Singapore banks surprise with tolerable Q2 results
Non-performing loan ratios were at or near all-time lows of 1% in the face of an extremely volatile market environment.
Despite thinner interest margins and the unsettling volatility, Oversea-Chinese Banking Corporation, United Overseas Bank and DBS Bank Ltd reported second quarter earnings that exceeded analysts' expectations.
The trio’s combined net profit fell 11% in the quarter to S$2.17 billion. Compared to a year ago, however, net profit was 11% higher.
Loan growth will probably fall to 10% or less this year compared to earlier projections of over 10%, said the CEO’s of DBS and OCBC.
"I think the rest of this year is going to be very, very uncertain," said DBS CEO Piyush Gupta.
Interest margins, which had shown some signs of recovery in the first quarter of the year, again weakened with little hope of improvement later this year. Trading and investment income at all three banks was substantially lower in the second quarter compared to the quarter as market conditions worsened.

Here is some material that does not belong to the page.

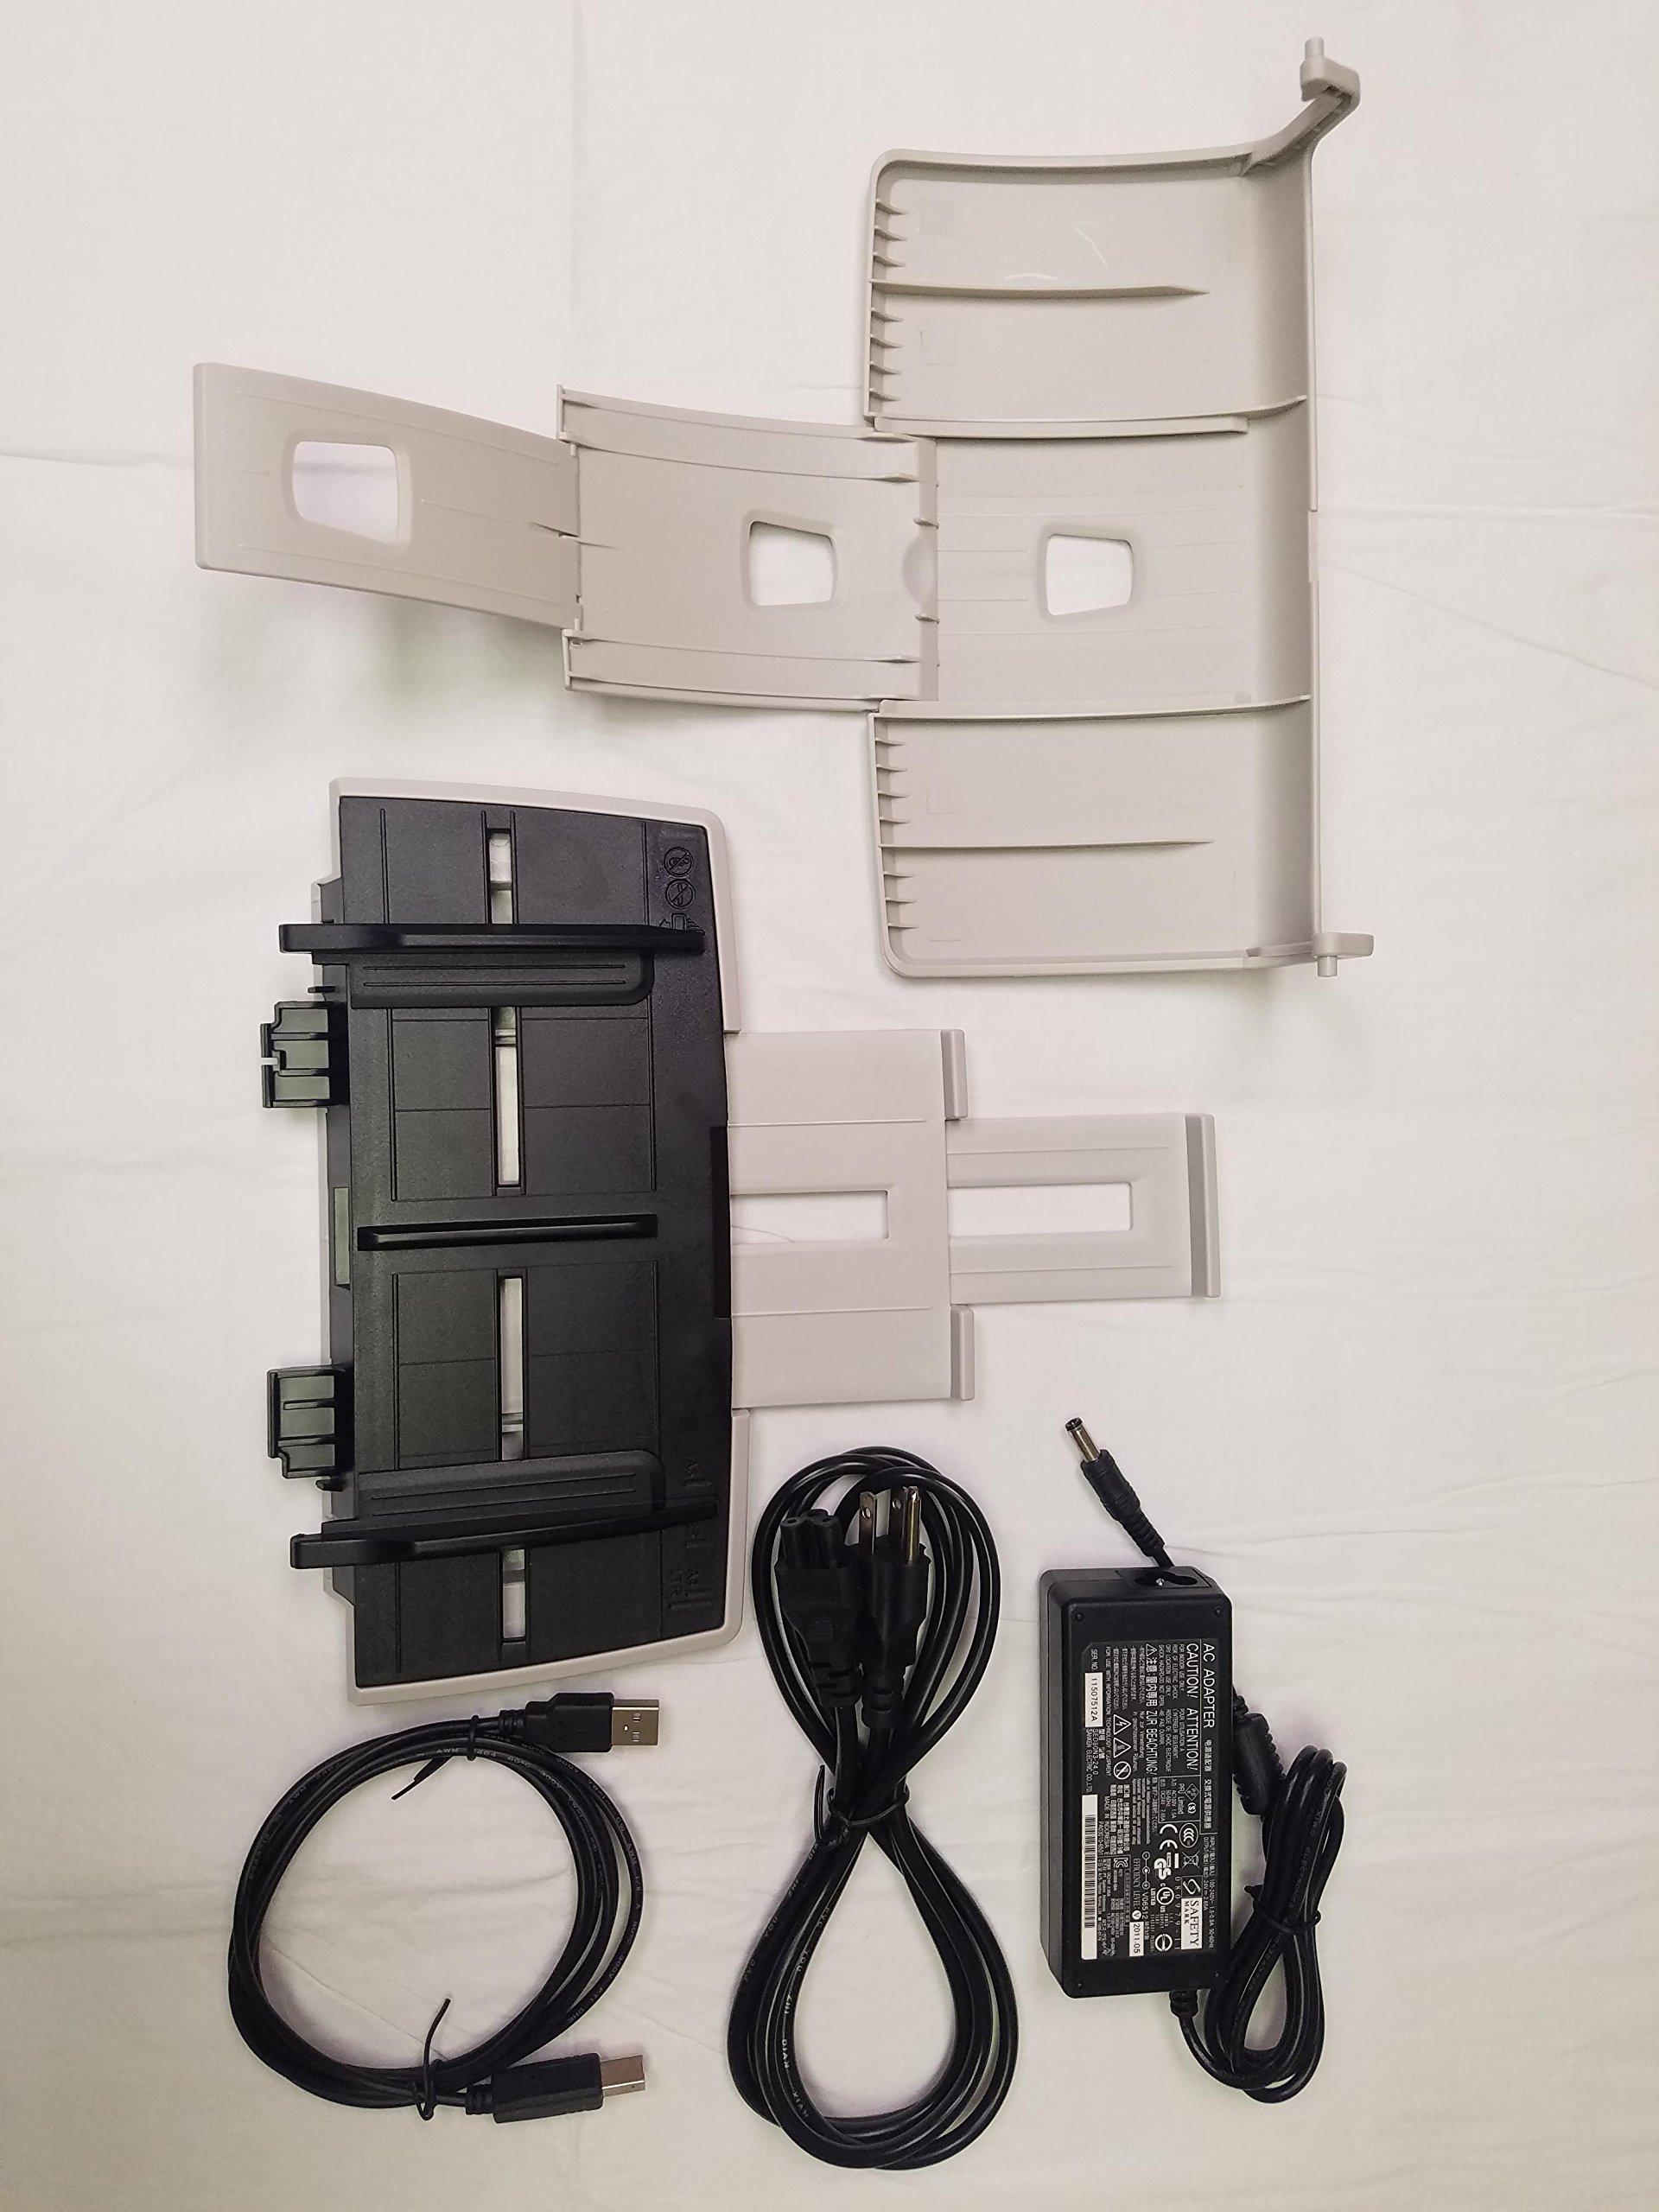 Fujitsu Scanner Accessory Kit for fi-6130, fi-6130z, fi-6140, fi-6140z, fi-6240 models

Net interest income at all three banks fell compared to Q1 as the squeeze in net interest margins offset growth in loans. The banks' combined net interest income slid 1% over the quarter to S$3.24 billion. On the other hand, their combined non-interest income dropped 20% to S$1.85 billion from S$2.3 billion in Q1.
Despite the volatility, there was no sign of trouble in the banks' portfolios, with non-performing loan ratios at or near all-time lows of around 1%.